Особого внимания заслуживает вопрос о борьбе за существование как факторе эволюции. Разрабатывая кибернетические вопросы эволюционной теории, Шмальгаузен установил, что обратная информация от популяции к биогеоценозу передается через жизнедеятельность организмов, входящих в данную популяцию. Преобразование этой информации в биогеоценозе и ее передача обратно в популяцию осуществляется в процессе борьбы за существование. Шмальгаузен отмечал, что это понятие совершенно необходимо для теории эволюции, так как оно является важнейшей основой естественного отбора. В этой связи он неоднократно критически отзывался о генетико-математической теории естественного отбора. Шмальгаузен обратил внимание на то, что «подобные исследования не вскрывают всего механизма эволюции и не дают полного объяснения его закономерностей… Понятие борьбы за существование совершенно выпало. Естественный отбор выступает как внешний фактор, а сам организм как пассивный объект, с которым оперирует естественный отбор… это не является верным отражением действительных соотношений»[144]
.Расхождения в трактовке борьбы за существование как фактора эволюции связаны с известной обособленностью генетического и экологического подходов к пониманию популяционных механизмов микроэволюции, т. е. с еще недостаточно глубоким их синтезом.
До сих пор продолжаются дискуссии по вопросу о симпатрическом видообразовании, о значении генетико-автоматических процессов (генетического дрейфа), об отношении дрейфа генов и отбора, о механизмах внутрипопуляционной конкуренции, о групповом отборе и его роли в эволюции.
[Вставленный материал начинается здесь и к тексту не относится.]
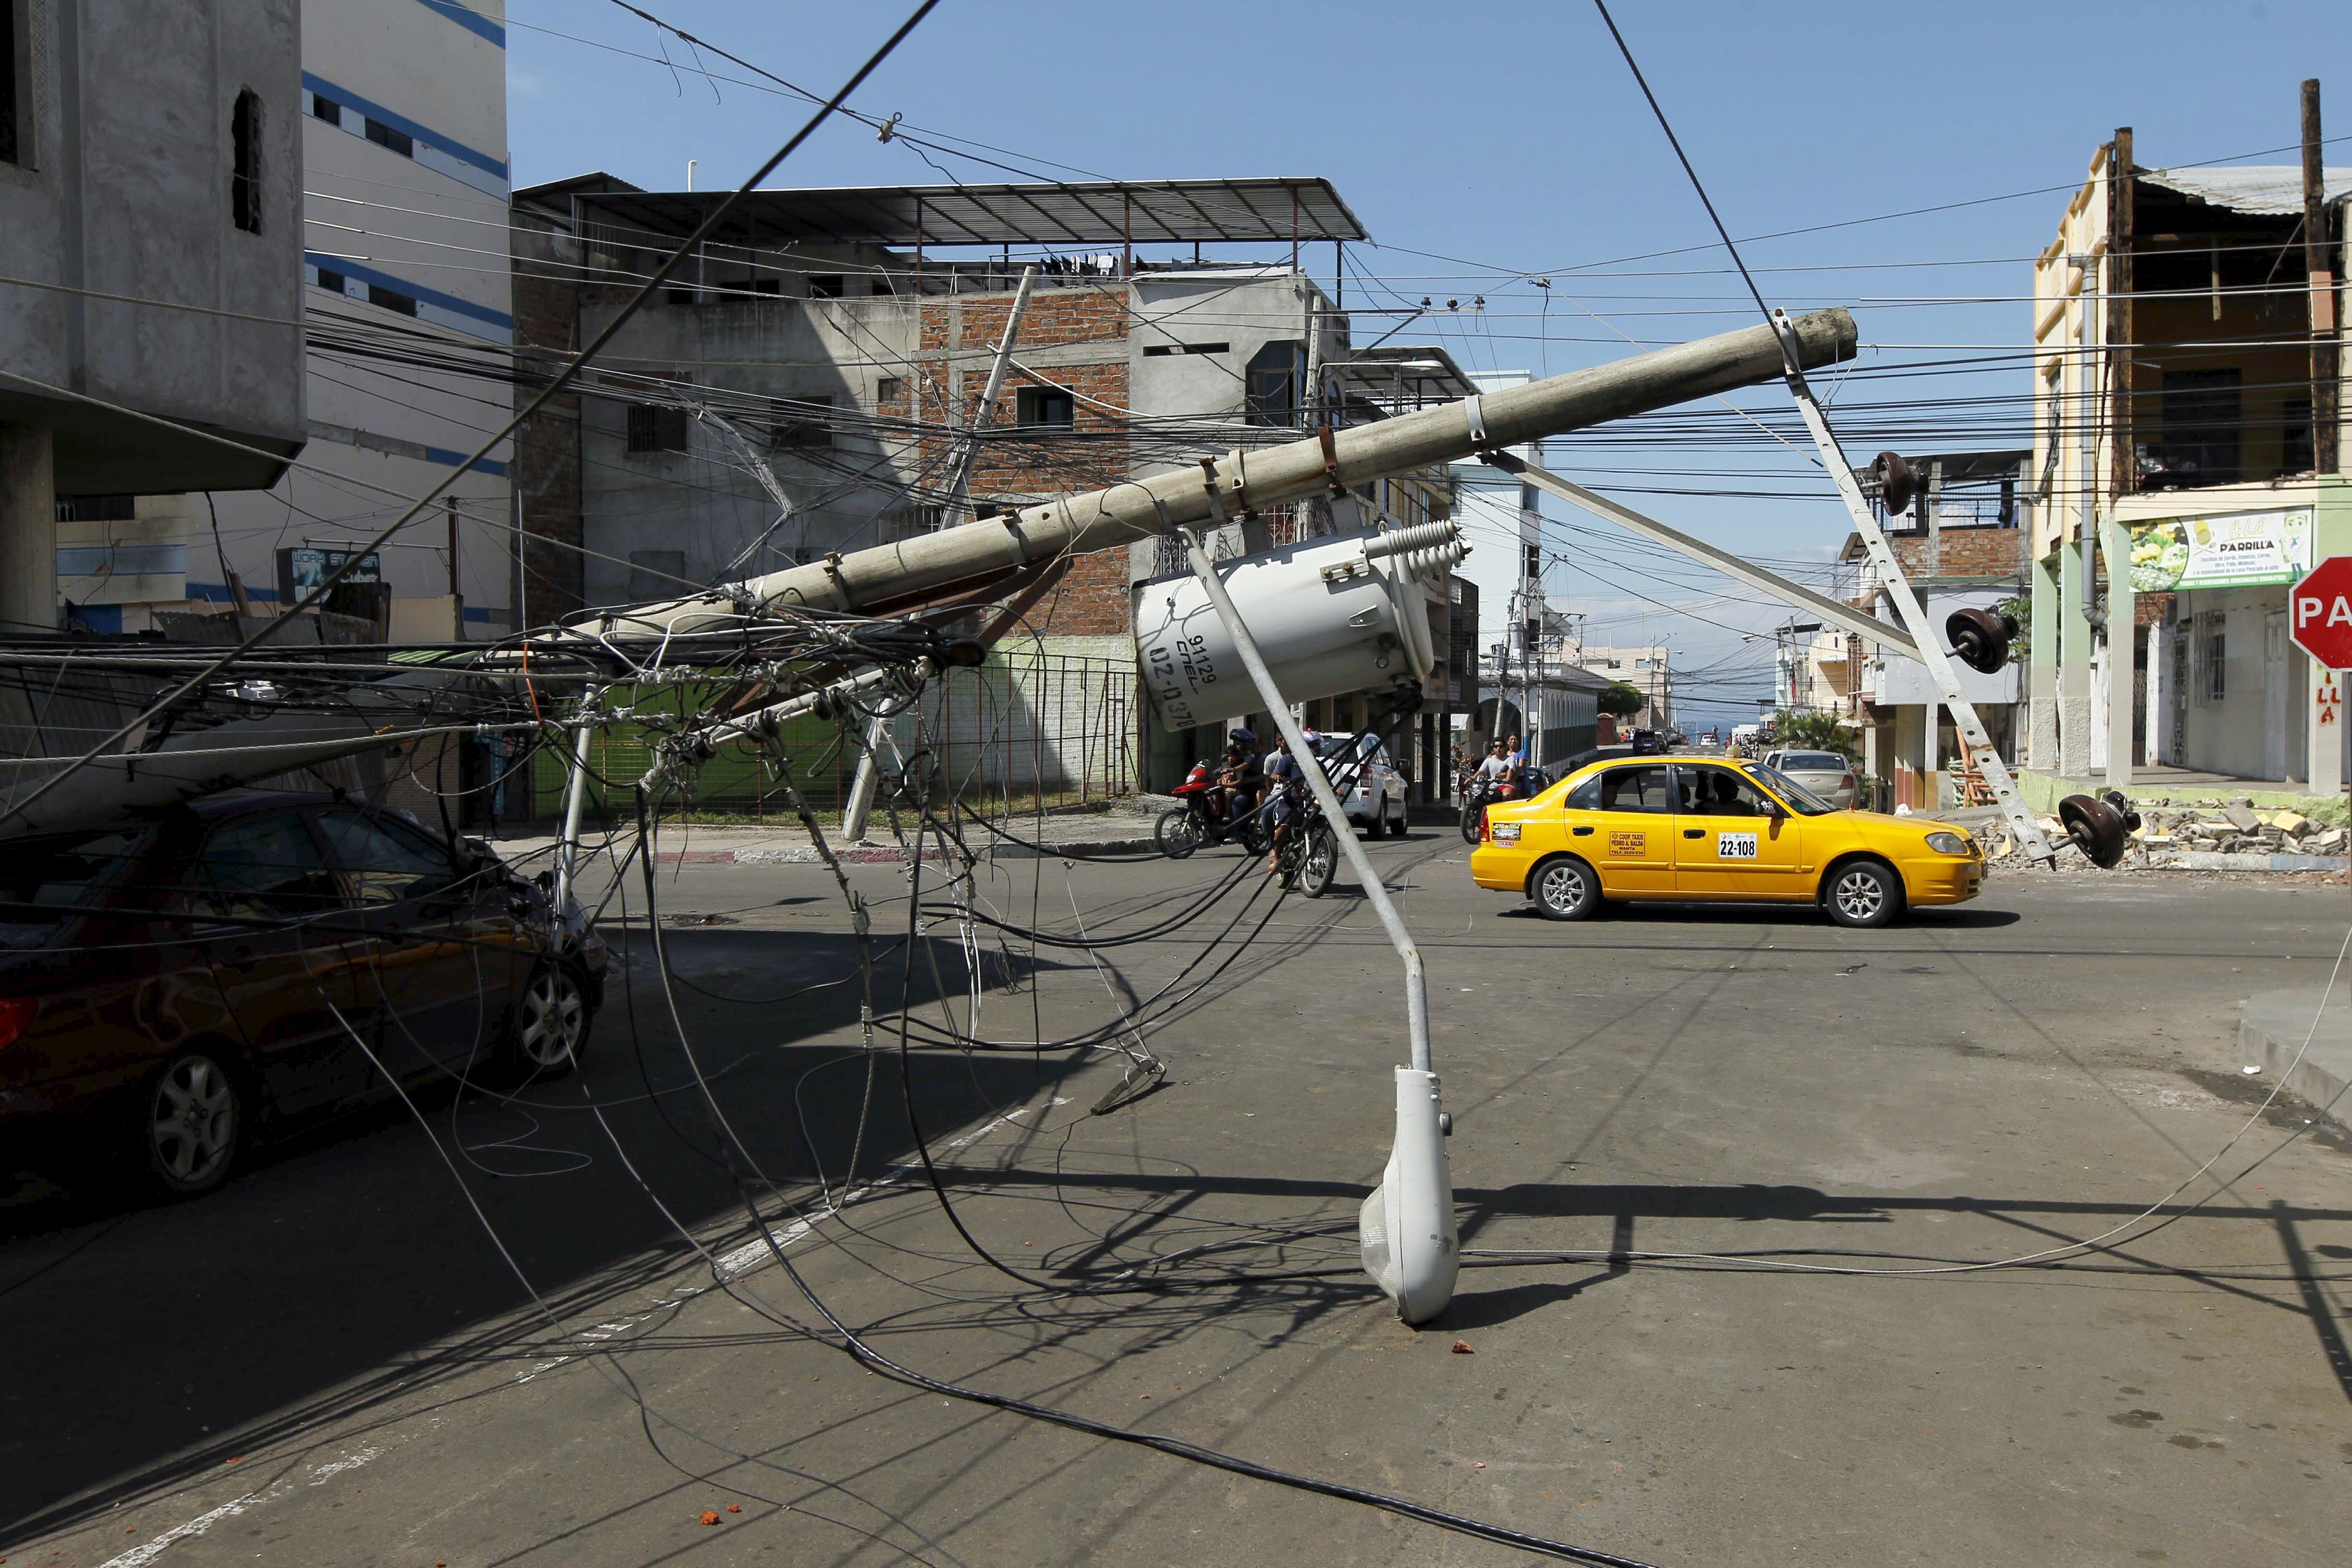 El tendido eléctrico quedó atravesado en las calles de Ecuador tras el terremoto.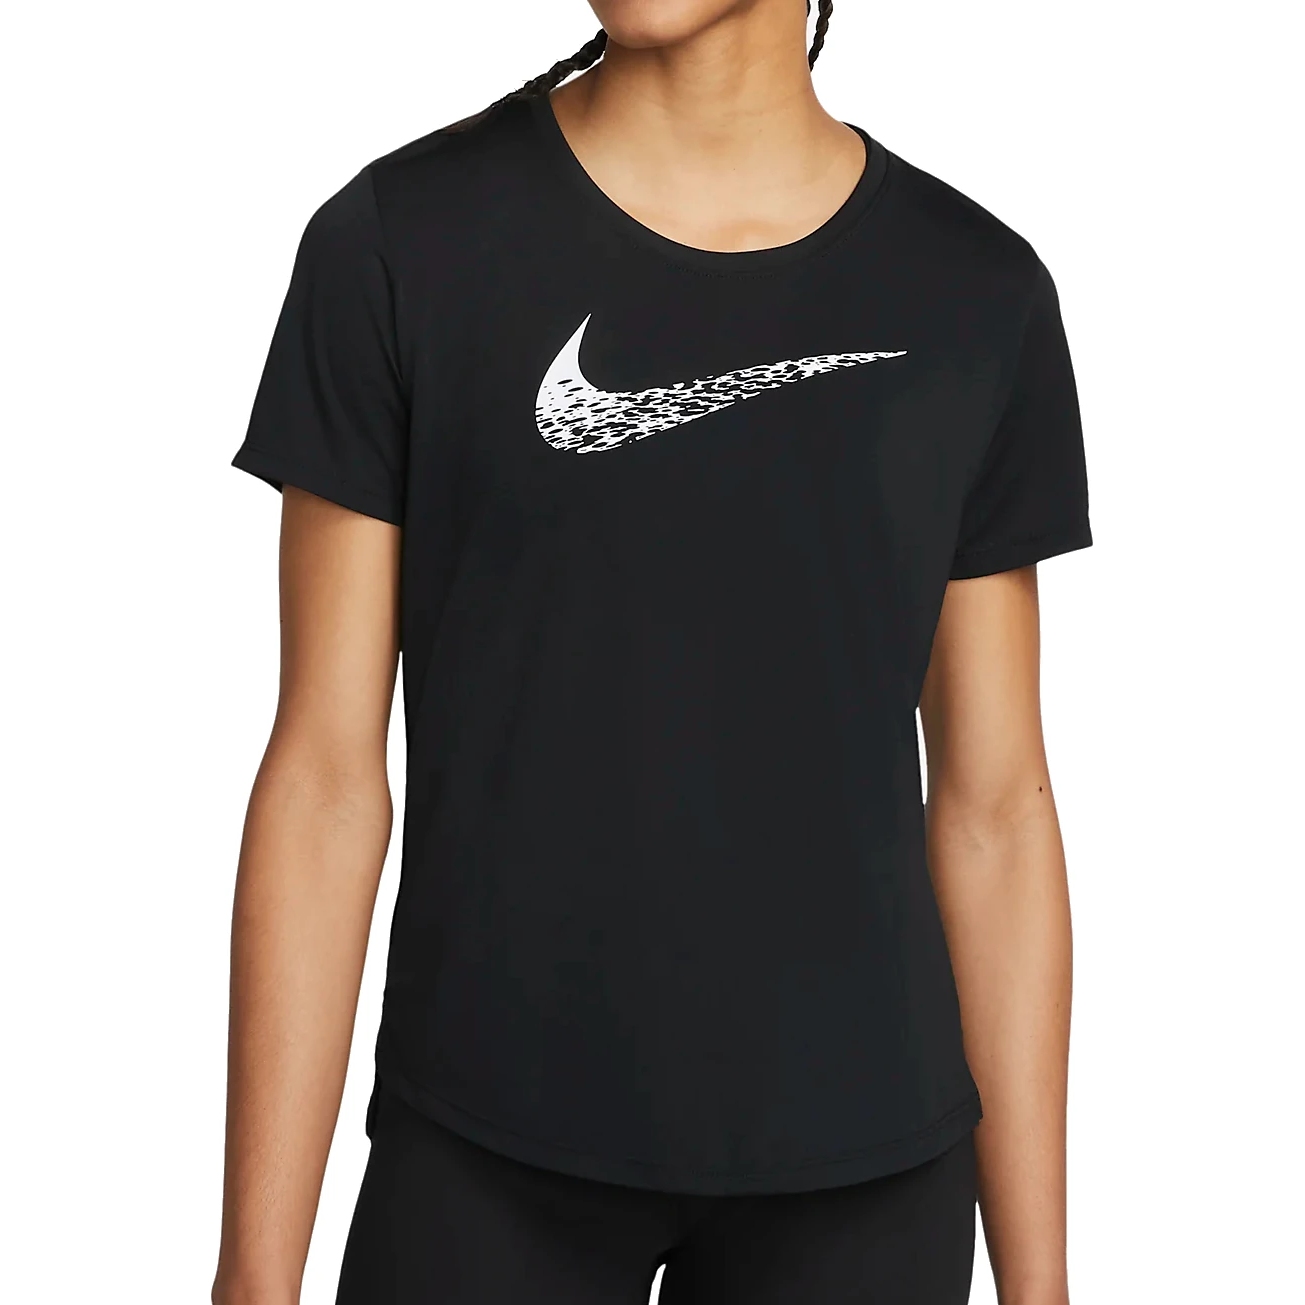 Produktbild von Nike Swoosh Run Kurzarm-Laufoberteil für Damen - black/white DM7777-010

К нерешенным еще до конца следует также отнести в связи с неполнотой геологической летописи проблемы природы крупных филетических хиатусов и происхождения высших таксонов, возможностей и причин огромных ускорений эволюционного процесса на относительно малых отрезках геологического времени. Дискуссионным остается также вопрос о ведущей роли в эволюции абиотических или же биотических факторов. Идею Дарвина о ведущем значении биотических факторов разделяют очень многие биологи, но существует и противоположная точка зрения, выдвигающая на первый план роль космических и общегеологических причин (О. Щиндевольф, 1950, 1964; М.В. Сенянинова-Корчагина, 1963; Б.Л. Личков, 1965; и другие).
Возможно, самым существенным вопросом, состояние которого лимитирует дальнейшее развитие эволюционной теории, является проблема эволюции самих факторов и законов эволюции.
Сохранение до сих пор антидарвинистских представлений объясняется не только наличием еще не преодоленных трудностей, но и живучестью и консерватизмом некоторых научных школ (например, ламаркизма и организмоцентризма), а также переоценкой значения отдельно взятых факторов, и, наконец, влиянием ошибочных философских позиций.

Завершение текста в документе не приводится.